→ **Required work**: The listing below should be written out word for word, with its pictures removed.

→ **Available data**:
>>>

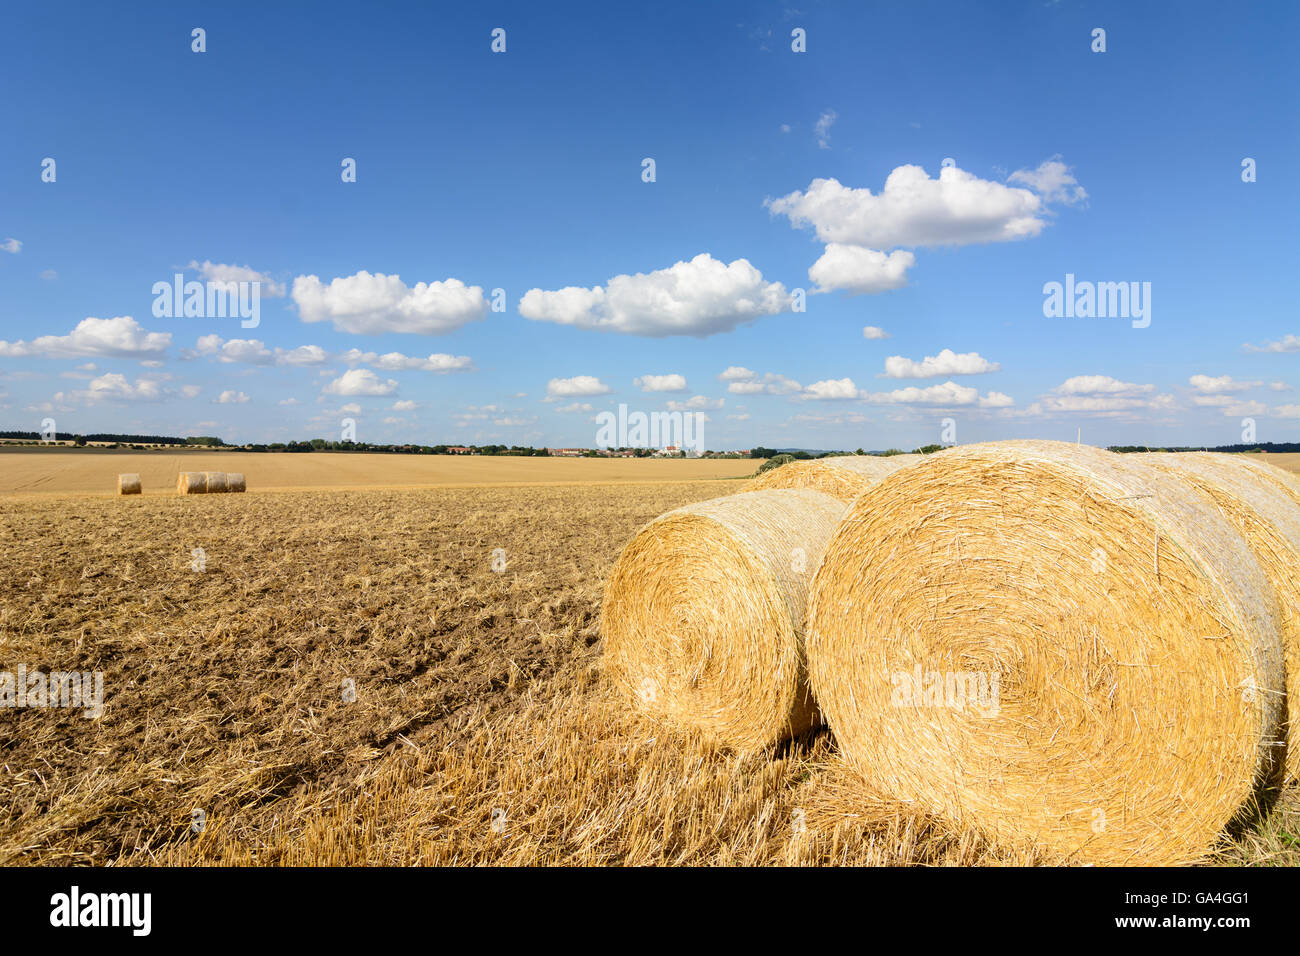 Les champs de céréales récoltées Drosendorf-Zissersdorf avec des bottes de paille Autriche Niederösterreich, Autriche Basse-autriche Banque D'Images
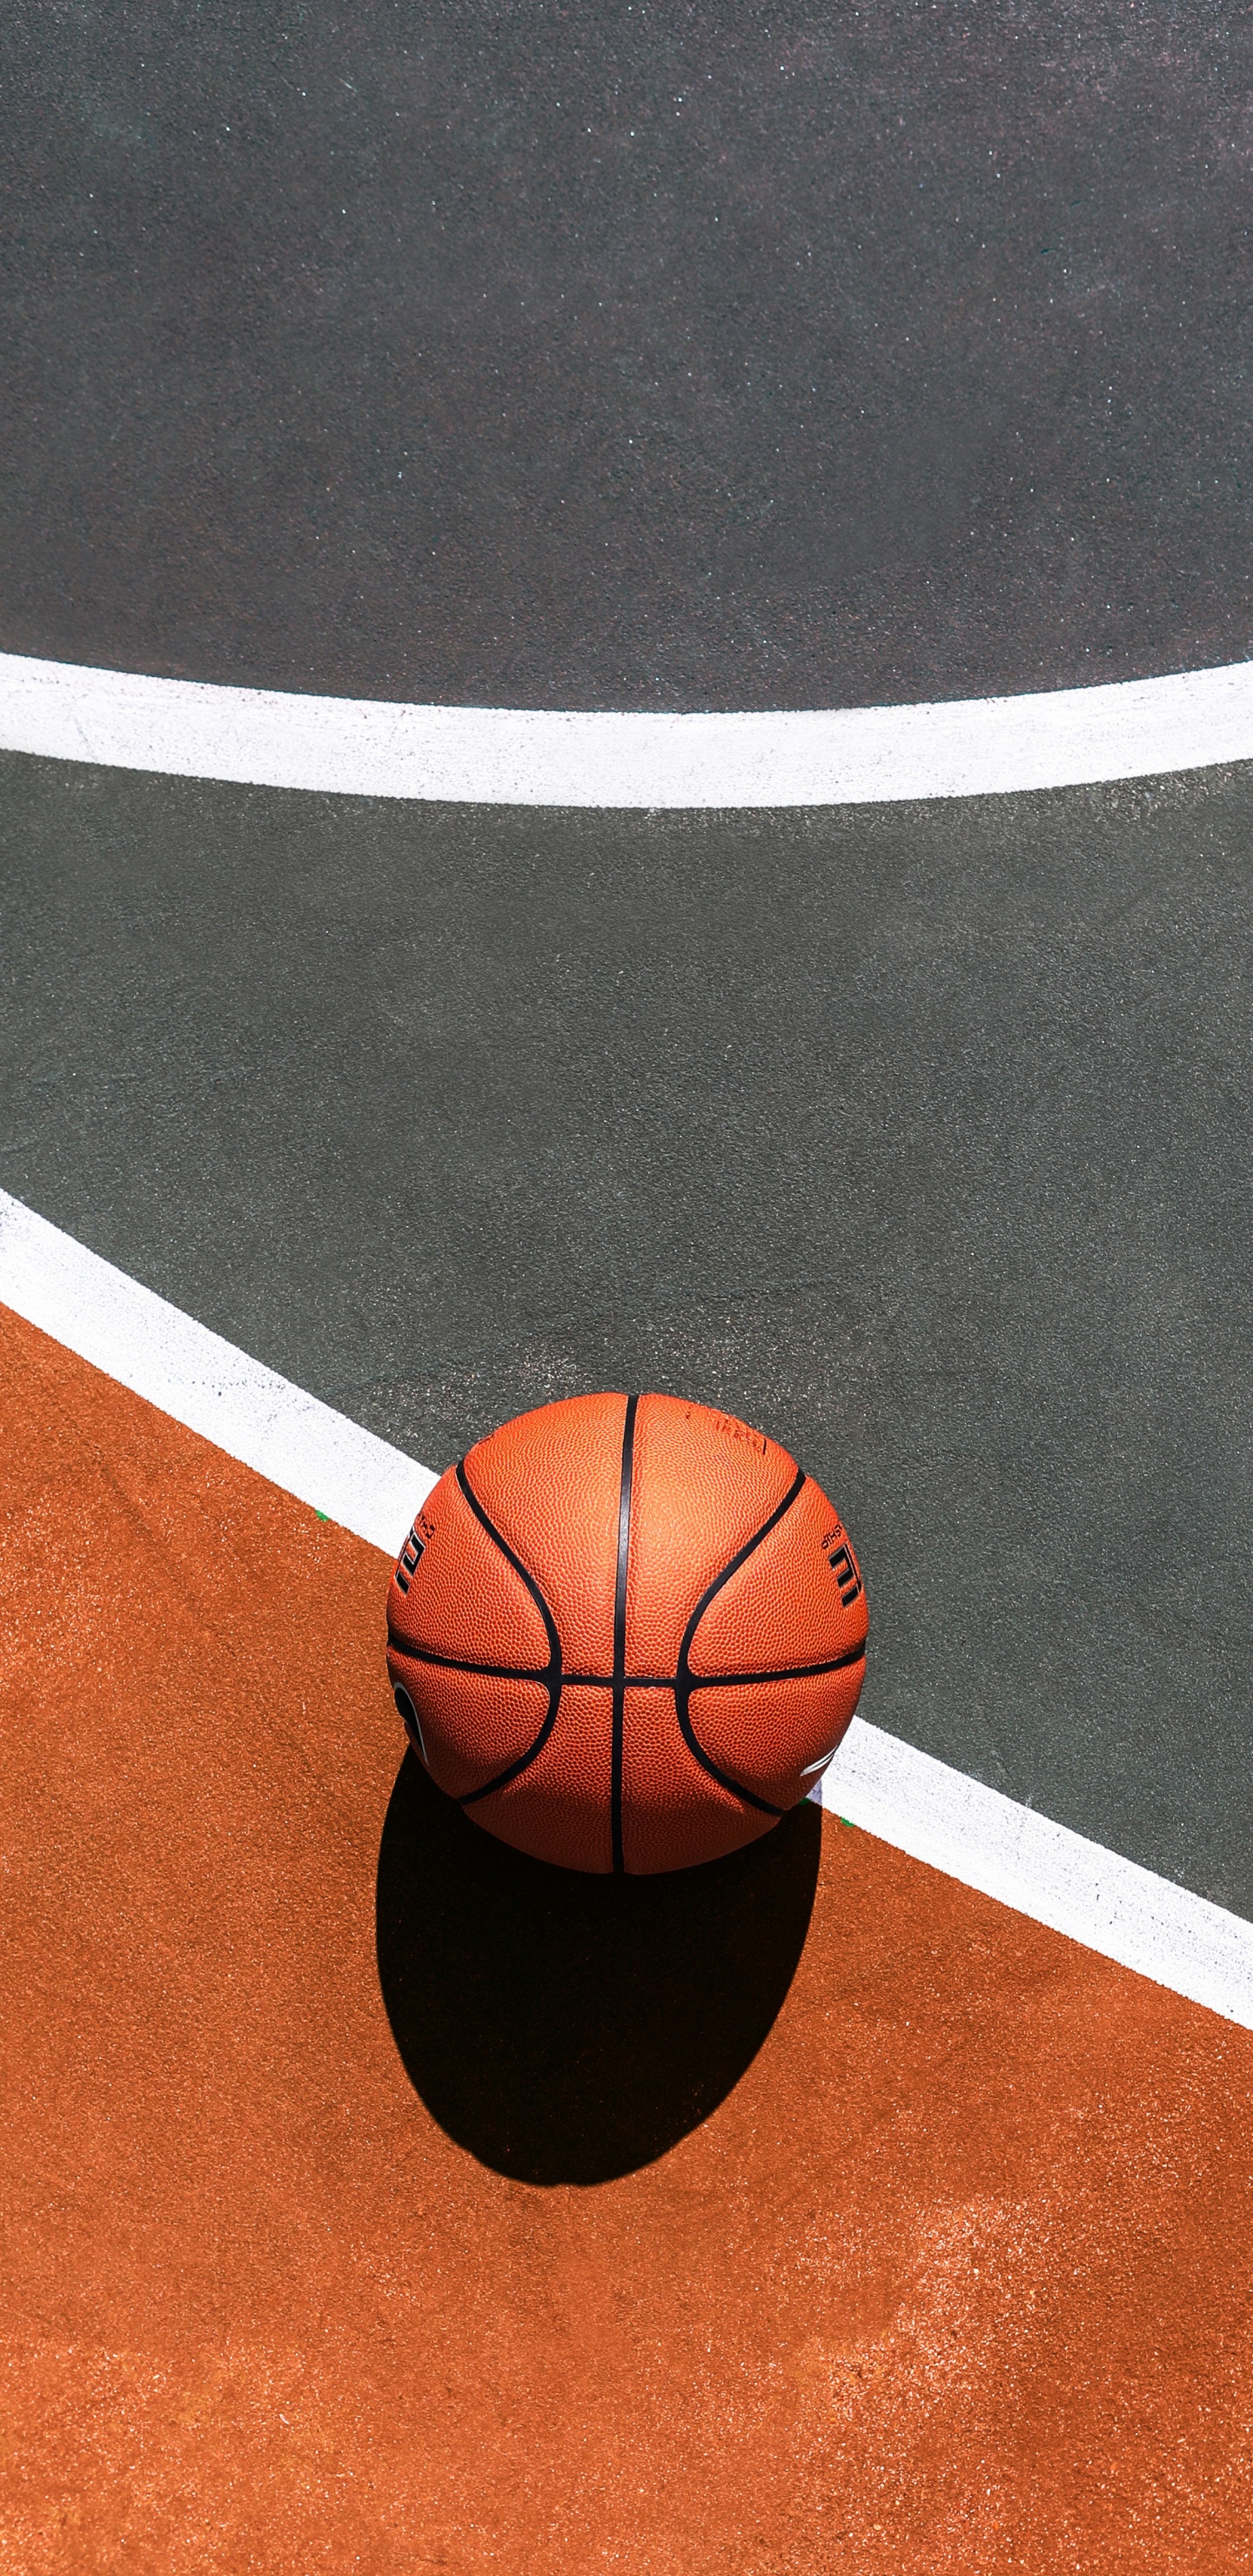 Basket-ball Sur un Terrain de Basket Bleu et Blanc. Wallpaper in 1440x2960 Resolution
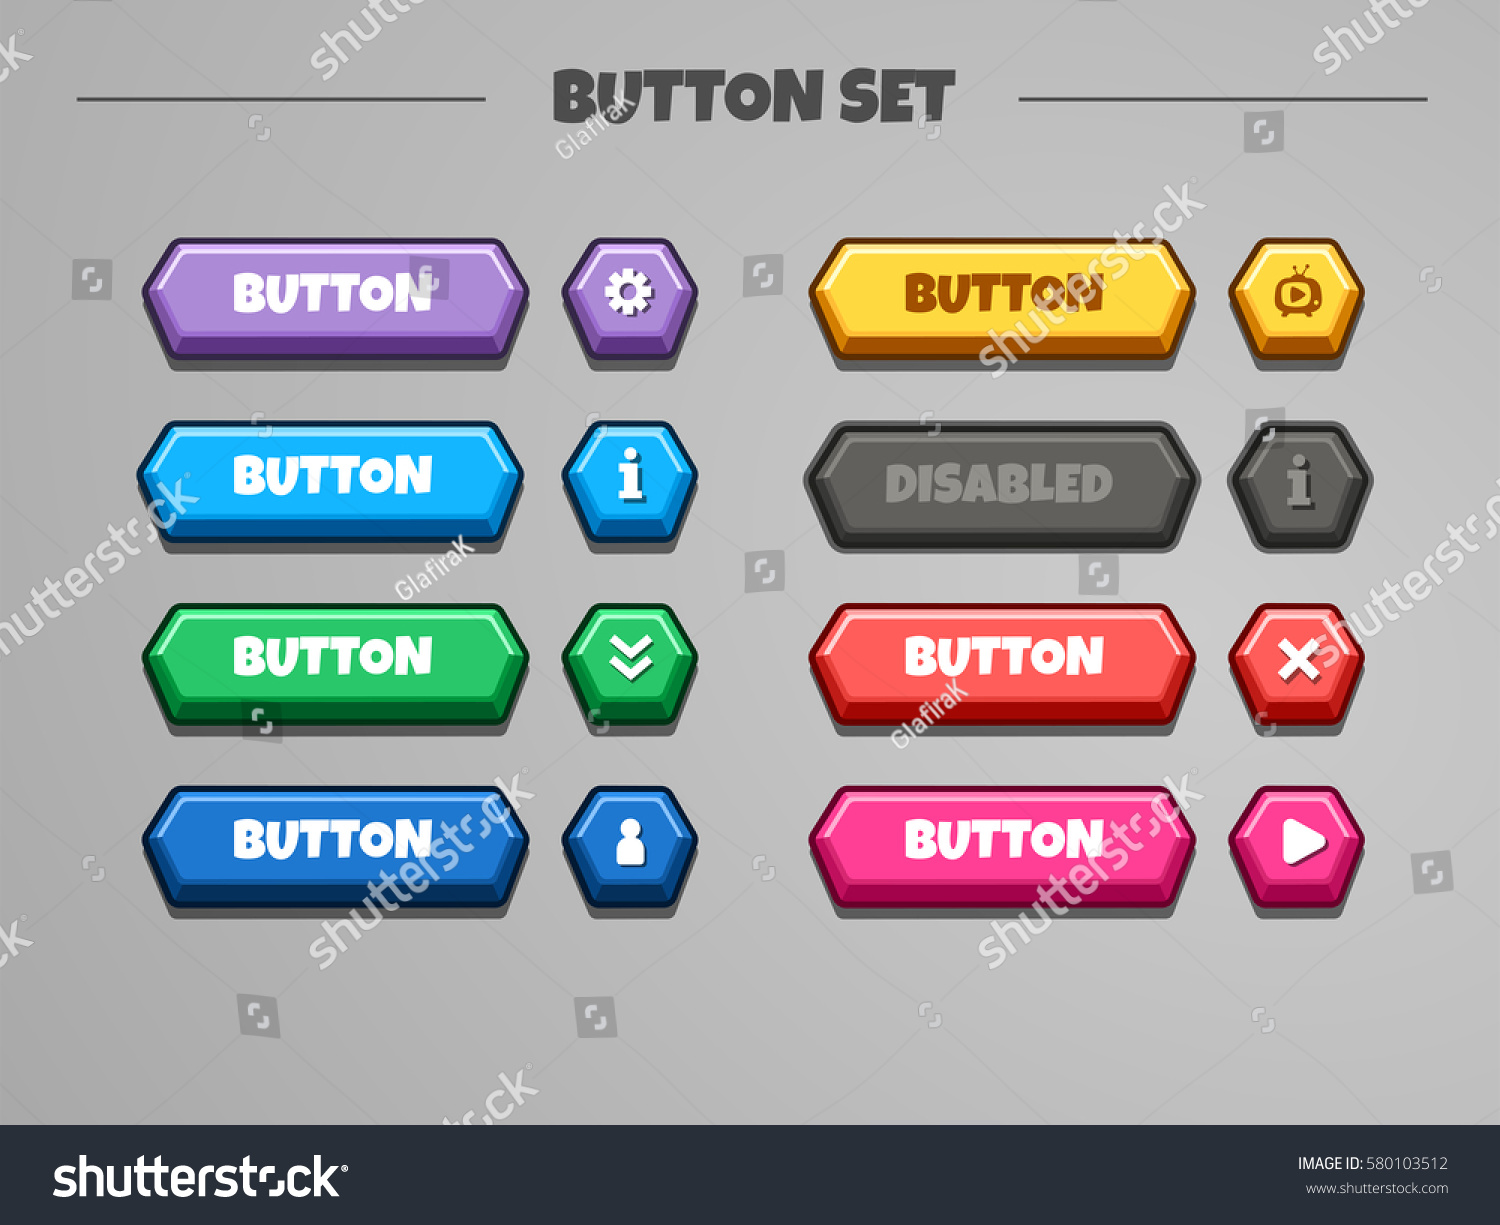 3d Buttons Set Vector Gui Assets Stock Vector 580103512 - Shutterstock

<<<

→ **Expected answer**:
 Les champs de céréales récoltées Drosendorf-Zissersdorf avec des bottes de paille Autriche Niederösterreich, Autriche Basse-autriche Banque D'Images
 Basket-ball Sur un Terrain de Basket Bleu et Blanc. Wallpaper in 1440x2960 Resolution
 3d Buttons Set Vector Gui Assets Stock Vector 580103512 - Shutterstock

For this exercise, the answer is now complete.